Consider getting the book: “Promoting Wellness, Beyond Hormone Therapy, by Mark Moyad. This book will give you more ideas of what to do. This is an excellent book with lots of supplements and ideas for patients that are dealing with some of the advanced prostate cancer drugs side effects.
by genemyers - July 22 at 3:34 AM
You cannot know what stage the cancer is in unless you do imaging scans and/or biopsy. But it is probably a pretty good guess that the cancer is outside of the prostate, with some cancer in the surrounding area.
This is not an unreasonable decision given your father’s age. A big factor is how healthy a 90 year old is he? You said he is in decent health. Does he get up and around on his own? Does he have a lot of other diseases that he is battling? How old do men in your family usually live? Is he likely to live another 10+ years? I would assume these factors have already been taking into account by his doctor to come up with the decision, but you can ask his doctor these questions and how he made the decision.
Prostate cancer is normally slow growing, even if it is outside of the prostate. With a gleason 6 or 7 cancer, your father is likely to die of something else. With a Gleason 8-10 however, the cancer will be more aggressive and might be of some concern. However, the doubling time from 52.89 to 62.11 is about 2.1 years, which is indicative of a non-aggressive cancer of 6 or 7 gleason score, so this would support the decision to watch and wait.
Ask the doctor what the risk is for a 90 year old to have a biopsy, because that is one way to determine what the gleason score is. If the doctor thinks that your father is at risk from dying from the biopsy, then that is a reason to avoid it. Normally a biopsy caries a small risk of infection, and that too may be a reason to avoid a biopsy in a 90 year old.
What your doctor is doing is called watchful waiting. Watch the psa and any symptoms, and give palliative treatment if and when the cancer advances. The cancer might not advance enough to cause problems, so no treatment would be given.

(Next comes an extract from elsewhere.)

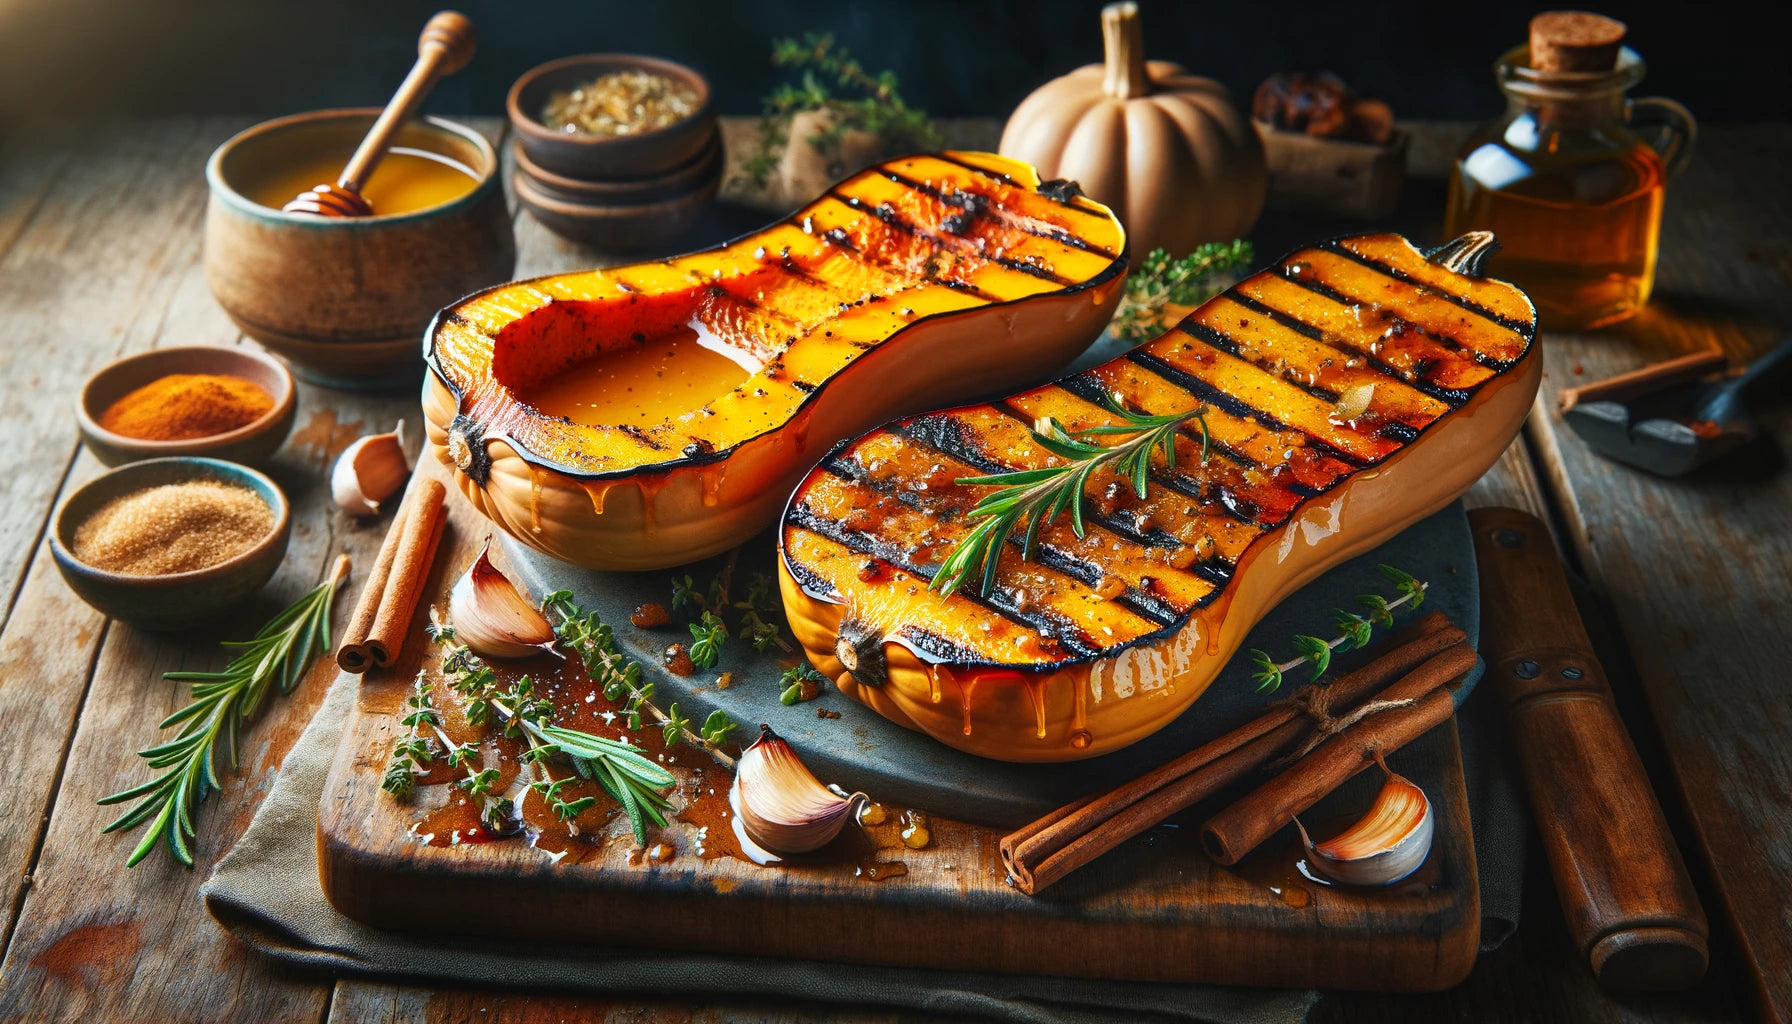 Grilled Butternut Squash Two Ways: Sweet & Savory Recipe on Arteflame Grill

It is probably a reasonable decision as your doctor can watch the psa, and if and when your father has symptoms, your doctor can give Lupron/Casodex to lower the psa and keep the disease in check for many years. These drugs have their own side effects however, but watchful waiting is a somewhat conservative approach to the situation, and my guess is that it is the right answer.
RP for prostate cancer; Currently monitoring Ca status with psa tests, have undertaken diet changes and supplements to keep Ca in check. Interested in current diet and supplements that suppress cancer.